Observing the results obtained for Dataset 1, whose performance evaluation metrics (accuracy and Kappa) of the KNN, SVM, and ANN classifiers presented very close and high values (99% and 0.9, respectively), we concluded that there was no significant difference between the algorithms in the classification task. In addition, with the algorithms able to be classified with very high accuracy, it was not necessary to perform the selection of attributes.

The accuracy of the same classifiers (KNN, SVM, and ANN) trained by Dataset 2, derived from Dataset 1, was slightly lower (97%), which motivated us to apply attribute selection techniques to explore possible improvements in overall performance by observing the metrics (accuracy and kappa).

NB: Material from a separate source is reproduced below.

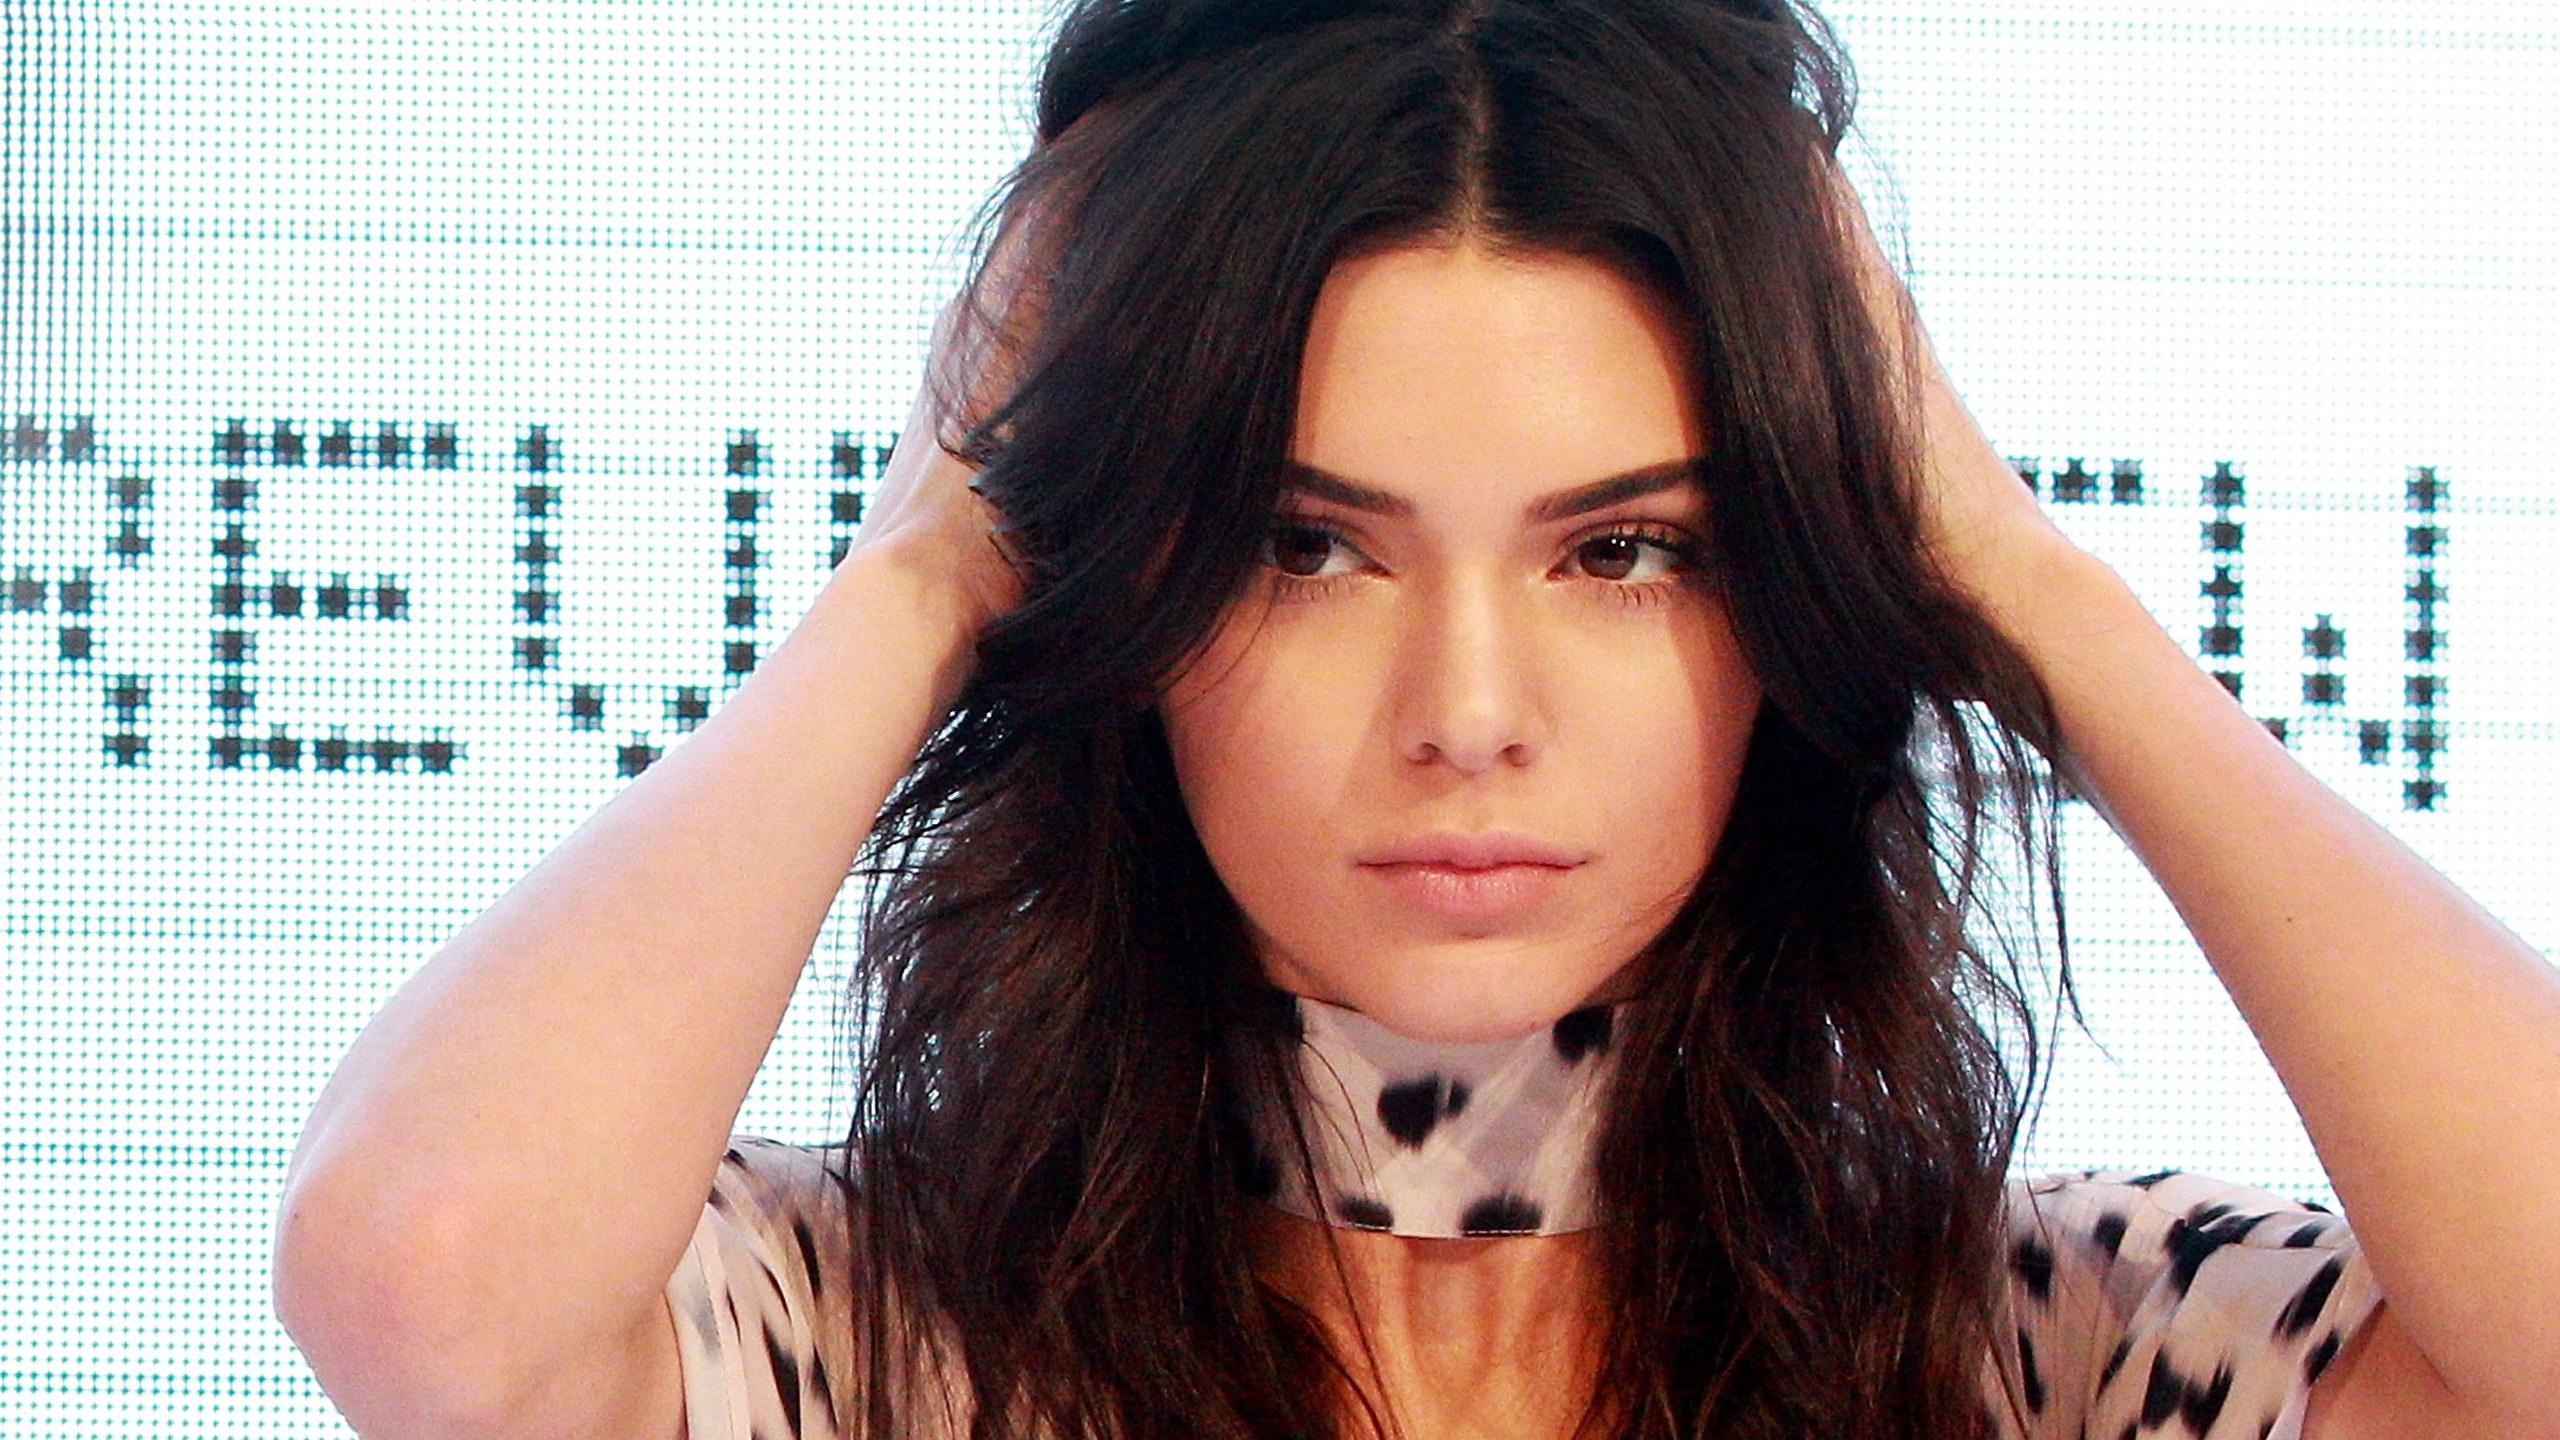 Relax about Kendall Jenner's Nipple(s)

The strategy of a benchmark for selecting attributes was successful, as the accuracy and kappa values rose for the three classifiers: the KNN (from 97.84% and 0.95 to 99.46% and 0.99), the SVM (from 97.84% and 0.95 to 97.97% and 0.99) and the ANN (from 98.38% and 0.96 to 98.92% and 0.98). Although the KNN classifier has obtained the highest accuracy value, kappa is the classifier with the disadvantage of having the highest computational cost.